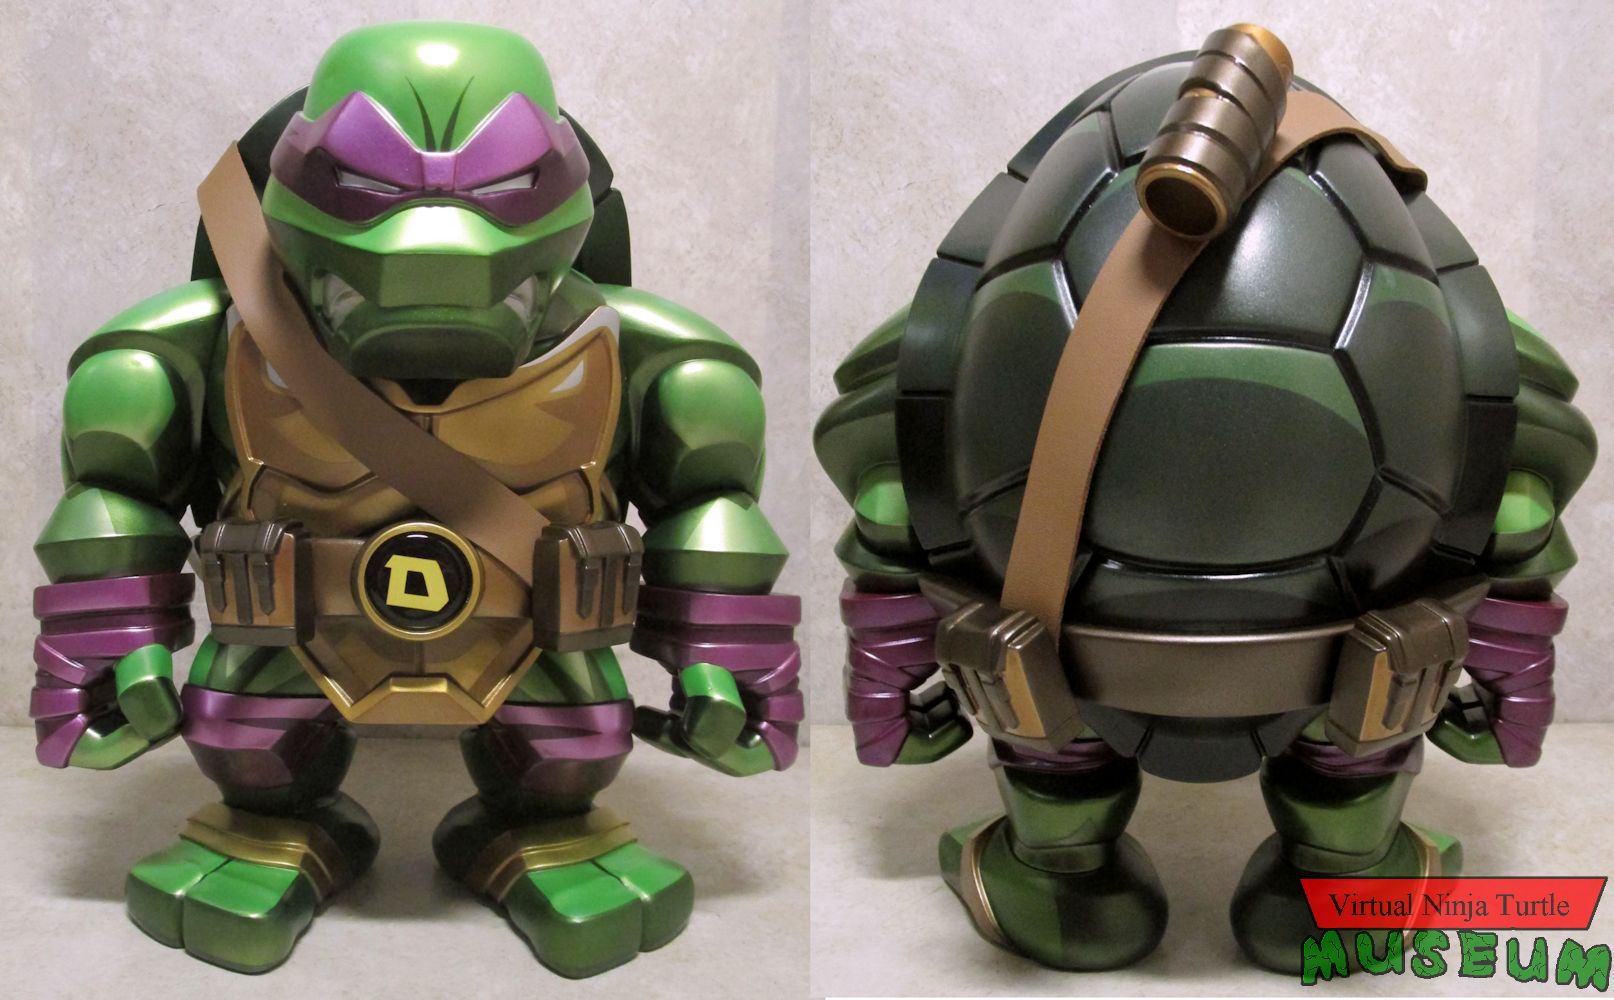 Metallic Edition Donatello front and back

...

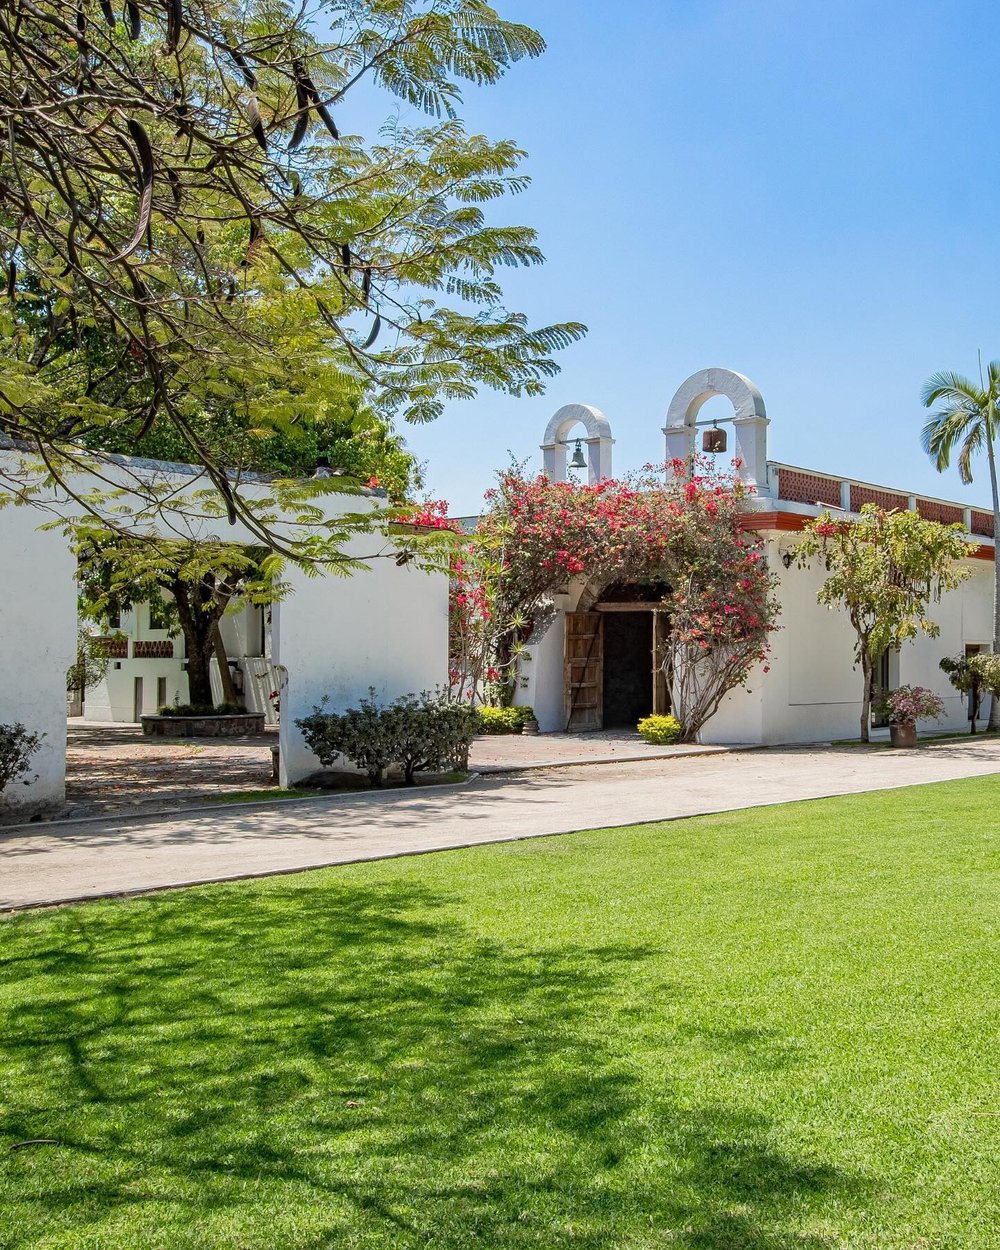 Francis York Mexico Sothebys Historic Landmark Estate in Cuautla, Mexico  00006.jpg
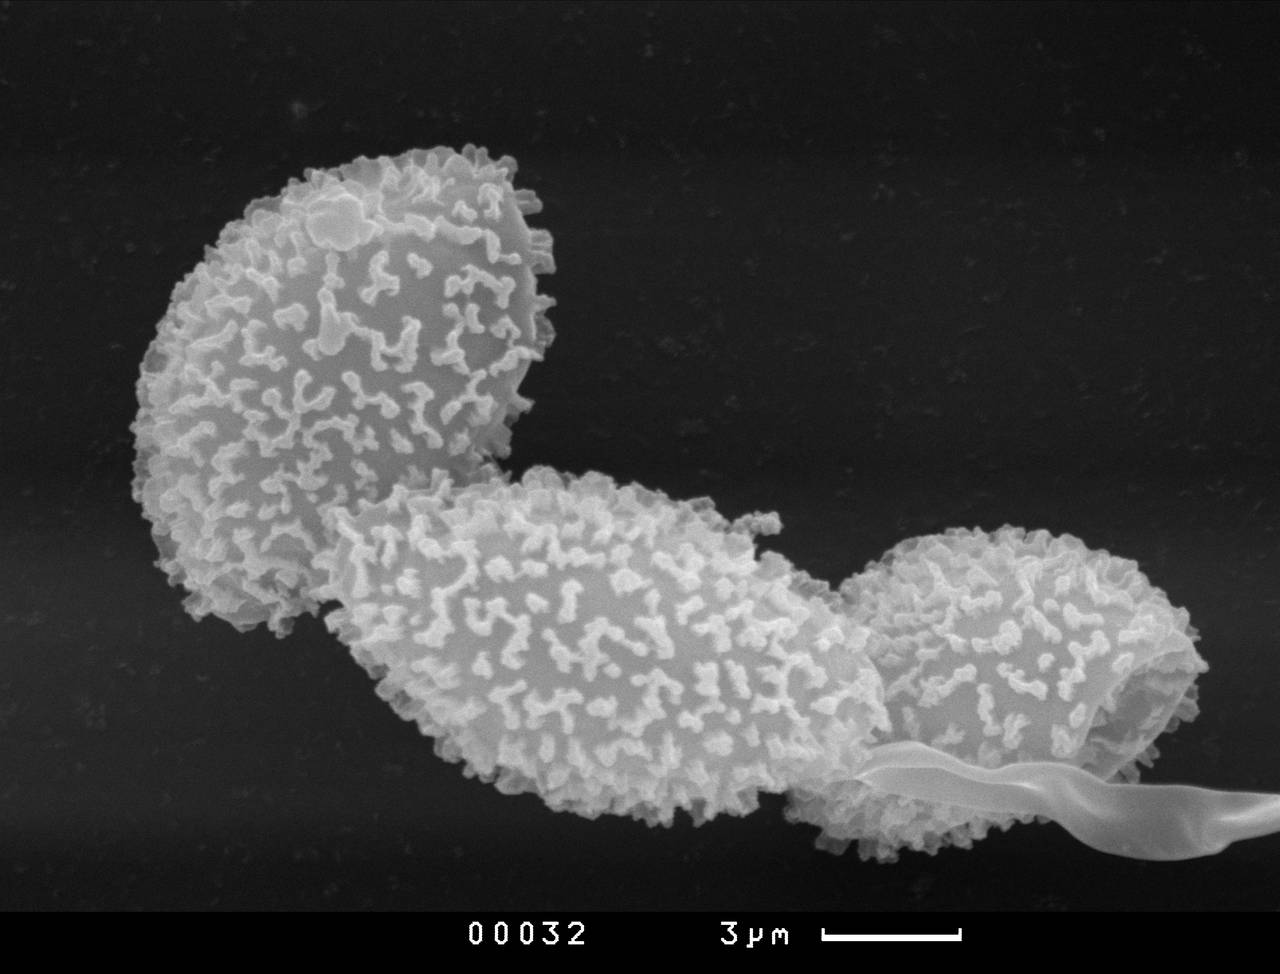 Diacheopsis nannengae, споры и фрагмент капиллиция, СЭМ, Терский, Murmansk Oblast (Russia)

**TASK TO CARRY OUT**
Your reply is to be an exact repeat of the listing above from the line holding "Francis York Mexico" down to the line holding "Diacheopsis nannengae, споры", ends included, pictures excluded.

**OUTPUT OF THE EXERCISE**
 Francis York Mexico Sothebys Historic Landmark Estate in Cuautla, Mexico  00006.jpg
 Diacheopsis nannengae, споры и фрагмент капиллиция, СЭМ, Терский, Murmansk Oblast (Russia)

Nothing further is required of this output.